What you have to do. Transcribe the listing exactly as written. Leave the images out.

Data section.
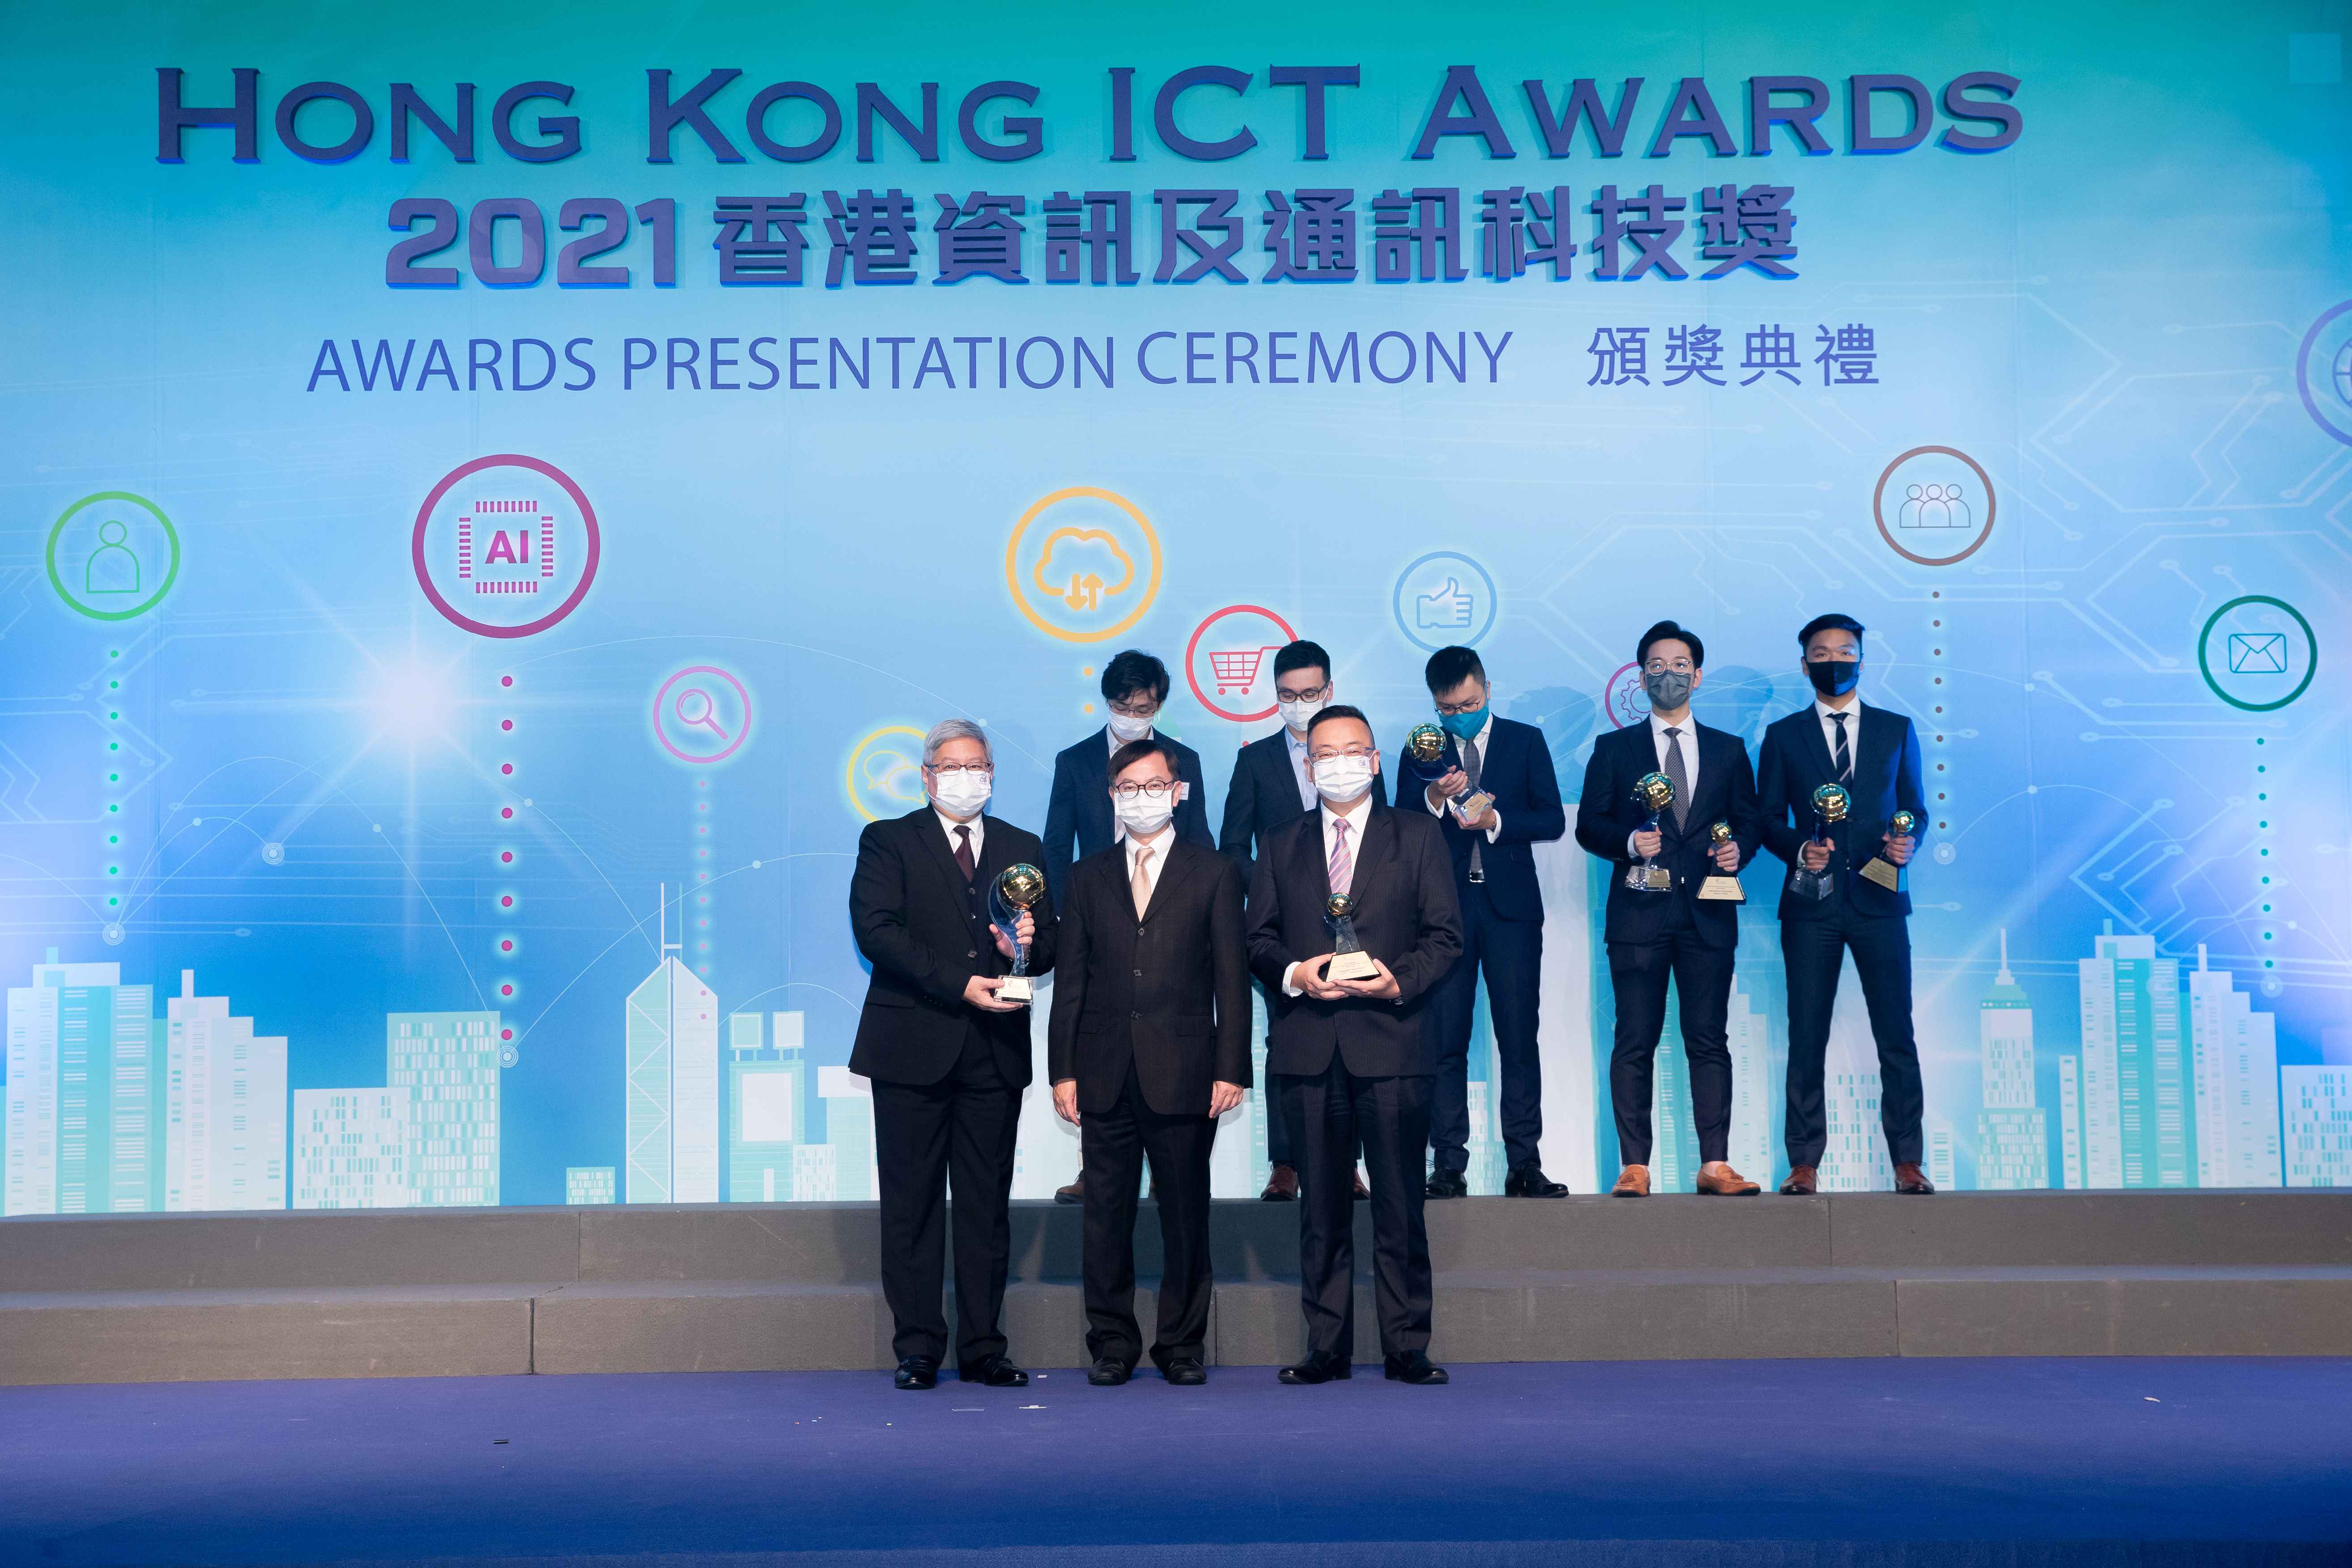 Hong Kong ICT Awards 2021 Smart Business Grand Award Winner
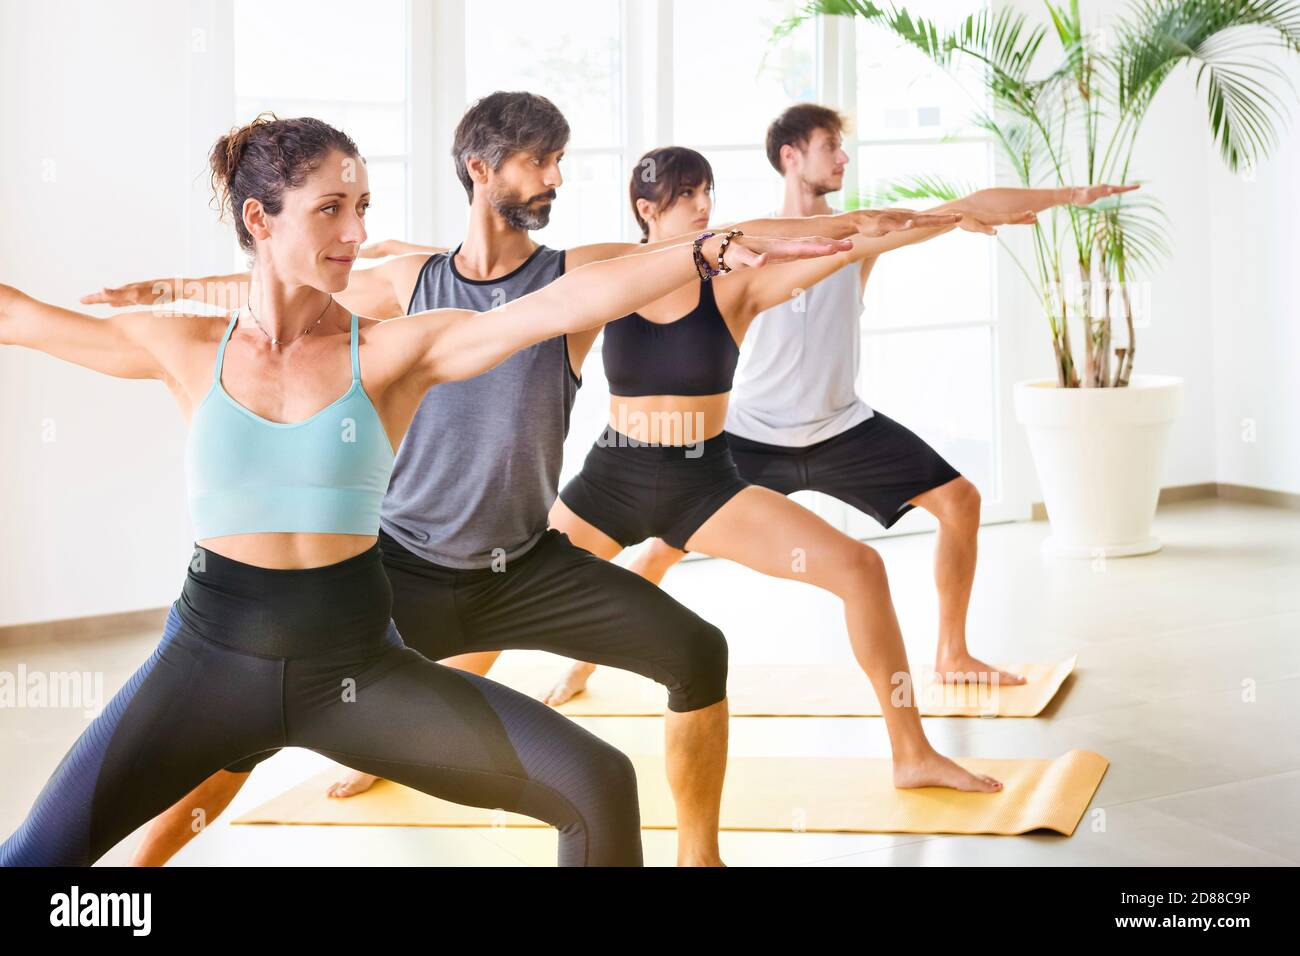 Gruppe von Menschen, Frauen und Männer während der Yoga-Klasse stehen in einer Reihe und tun Krieger Yoga Pose. Seitenportrait im Innenbereich in einem geräumigen, hellen Fitnessraum Stockfoto
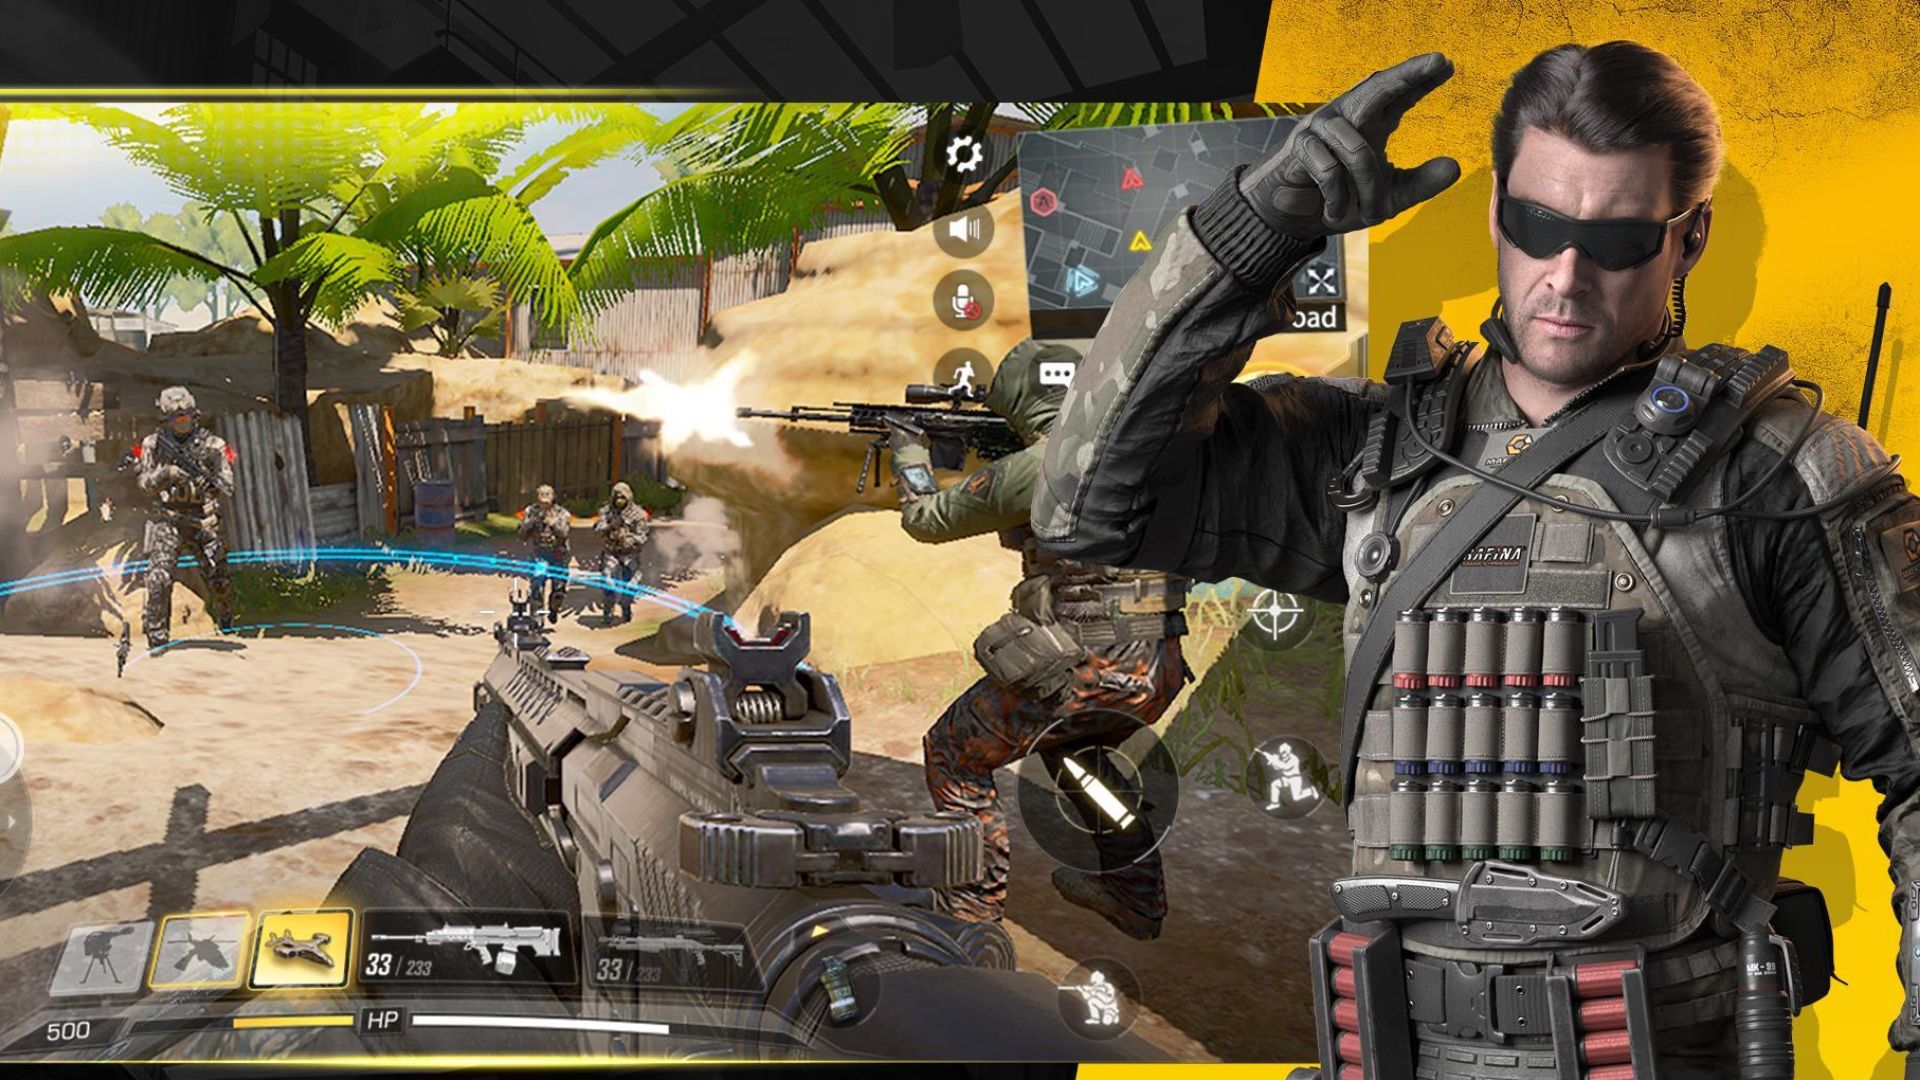 FPS ゲーム - Cod Mobile のスクリーンショットの隣で現代の兵士の鎧を着て敬礼している男性が、アサルトライフルを持っている男性の一人称視点を示しています。

Worked solution.
 Hong Kong ICT Awards 2021 Smart Business Grand Award Winner
 Gruppe von Menschen, Frauen und Männer während der Yoga-Klasse stehen in einer Reihe und tun Krieger Yoga Pose. Seitenportrait im Innenbereich in einem geräumigen, hellen Fitnessraum Stockfoto
 FPS ゲーム - Cod Mobile のスクリーンショットの隣で現代の兵士の鎧を着て敬礼している男性が、アサルトライフルを持っている男性の一人称視点を示しています。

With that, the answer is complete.